Tried to start my POS, it said “You need to re-activate this product. The serial number used to register this product or your computer settings have changed.”
Dealing with a hundred or so PCs at work, we’ve had a couple of demands for reactivation. Entering the product number that was on the chassis was accepted.
It really sounds to me like you’ve been hacked. But I’m not an expert in these things.
It has happened to me that a Windows update cleared my cookies, and I had to type the passwords into every low-risk website that I usually let the browser handle. But I’ve never had it change registry information, which is what you are describing.
Something inthis latest update damages the Windows user profile a bit. A little Googling will find other people with the issue. Obviously it only affects a few percent of the Windows population, so its an interaction with some subtlety of those machines’ particular config or history.
In my case it manifests as Outlook still knows all the several accounts I have it configured to connect to. But it doesn’t know any of the passwords. When I put the passwords in, Outlook is happy. But a few minutes later it’s forgotten some, not all, of them again.
Separately I keep getting Windows notifications to “repair” the various accounts in either the old fashioned credential manager control panel or the new-style “email accounts” settings page.
In each case the accounts are known, the passwords aren’t. Fill them in and everything works. Until I reboot or restart Outlook or Onedrive or Onenote or …

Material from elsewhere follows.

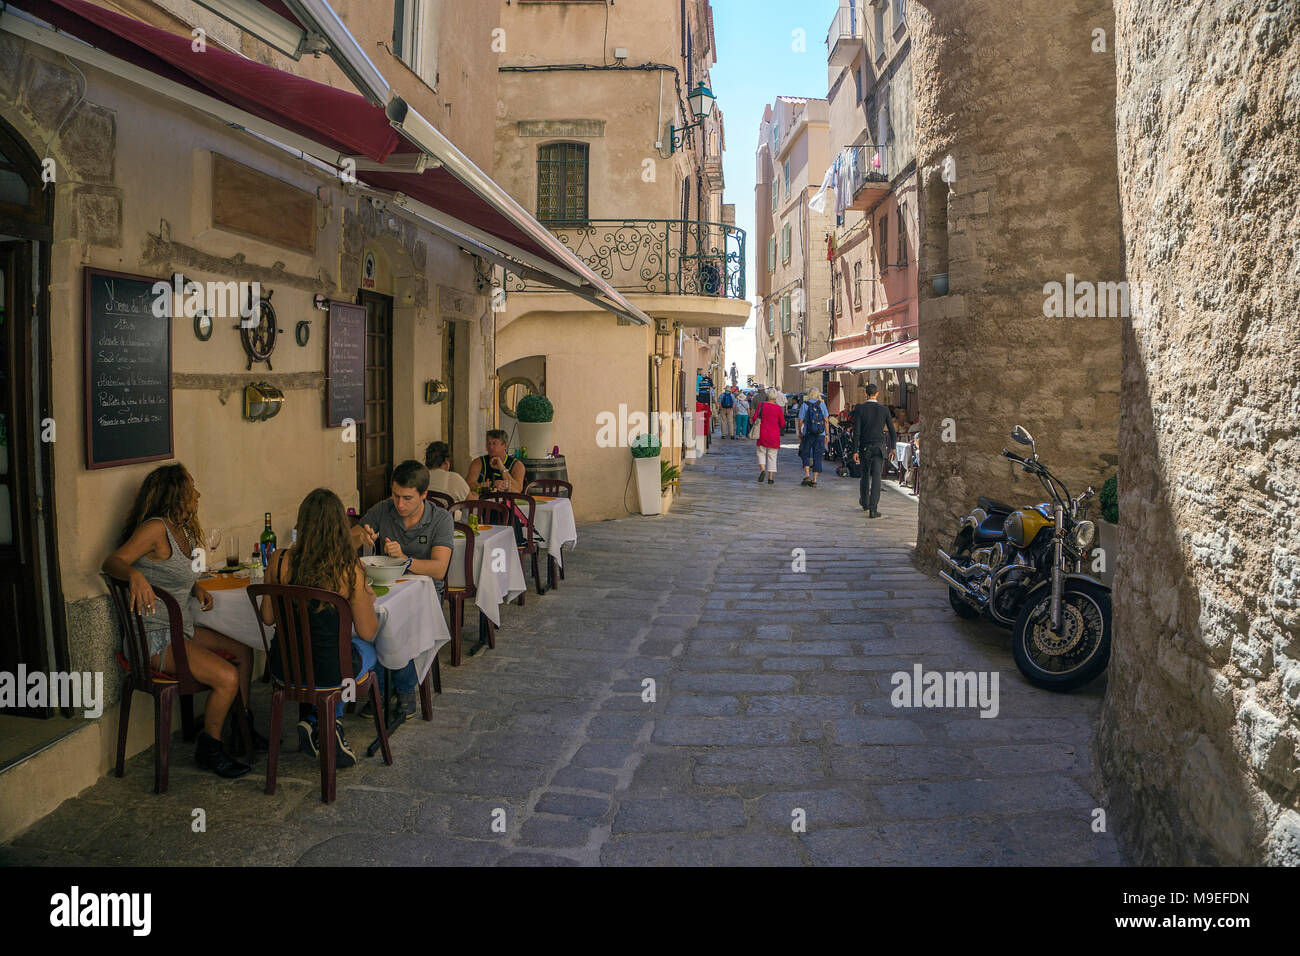 Bar et restaurant dans une ruelle étroite, la vieille ville de Bonifacio, Corse, France, Europe, Méditerranée Banque D'Images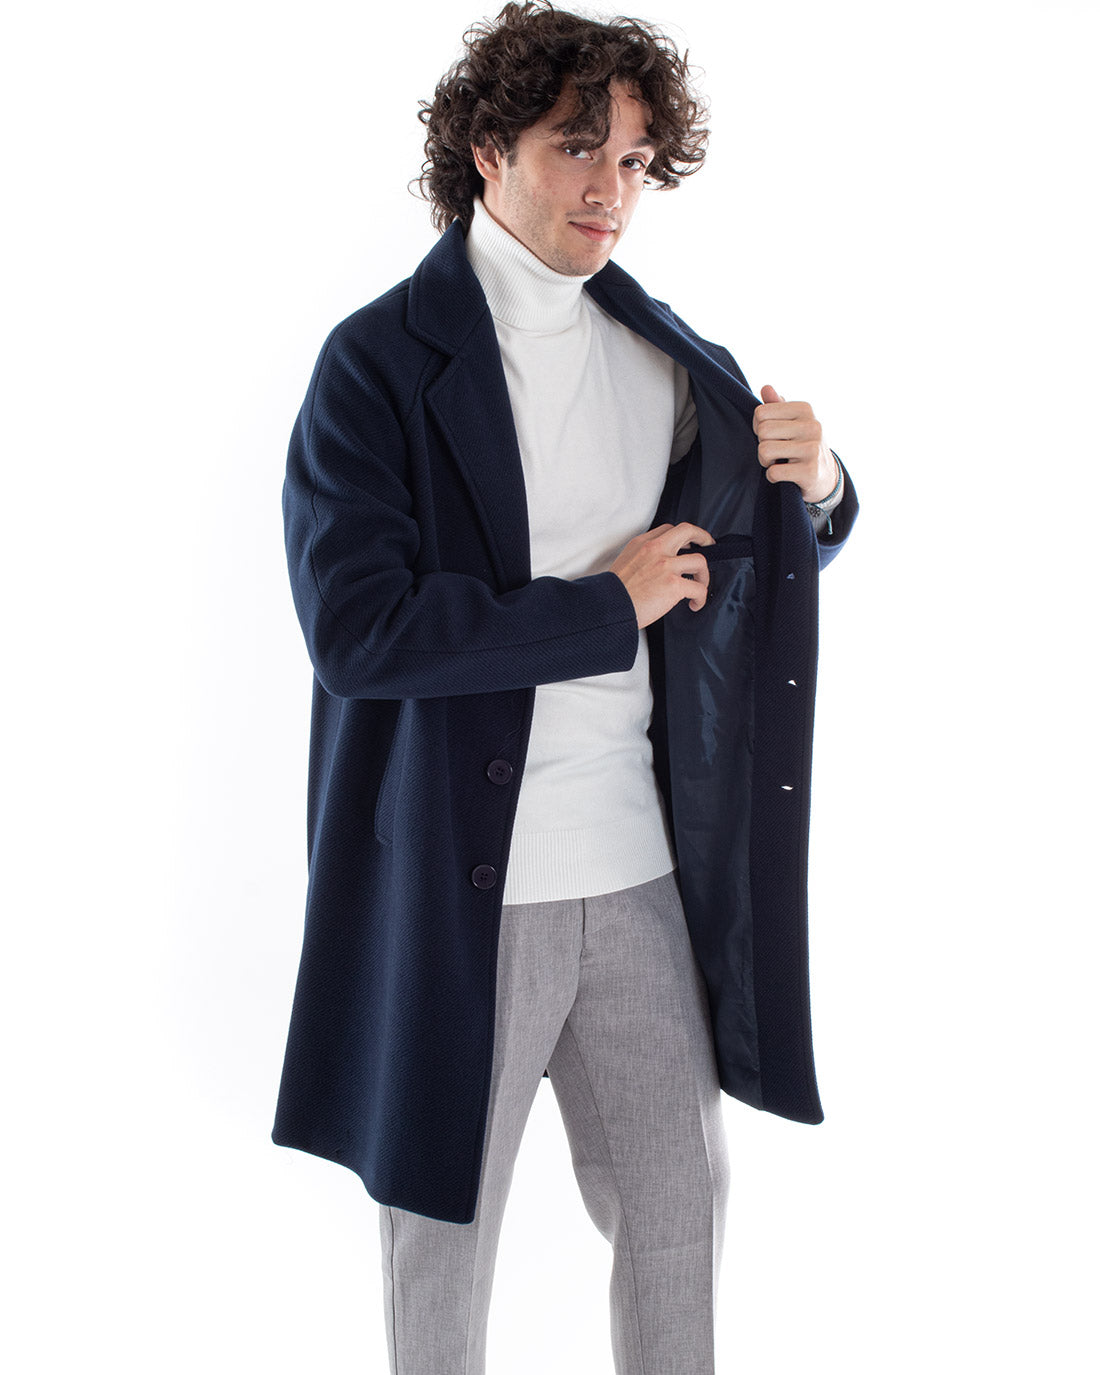 Coat Single-breasted Men's Jacket Oversize Blue Jacket Baronet Jacket GIOSAL-G2963A

Clearly something is mucked up in the user profile that is causing the “save” function to fail silently.
I’ve historically hated Windows so much that I have vowed that if I am ever allowed access to time travel technology, I would skip the “killing Hitler” trope and go straight to the “destroy Windows before it was created” route.
Last weekend M$ finally said it was ready* to "up"date my desktop (a homemade with an ASUS motherboard). Several passes and 5+ hours later Windows said it couldn’t find my boot drive; fortunately after several tries it gave up and (mostly) rolled things back. Not as disastrous an experience as the OP’s — nowadays I mostly use that computer when I need to do some programming or heavy-duty number work — but it will be a while before I try it again.
(I did set a restore point before proceeding, but it looks like the "up"date wiped out all the existing restore points. So next time — if there is a next time — a clone will be in order.)
*When 2004 was first released the message I got was that I would get the "up"date when my computer was ready, not when the software was ready. I found that somewhat whimsical.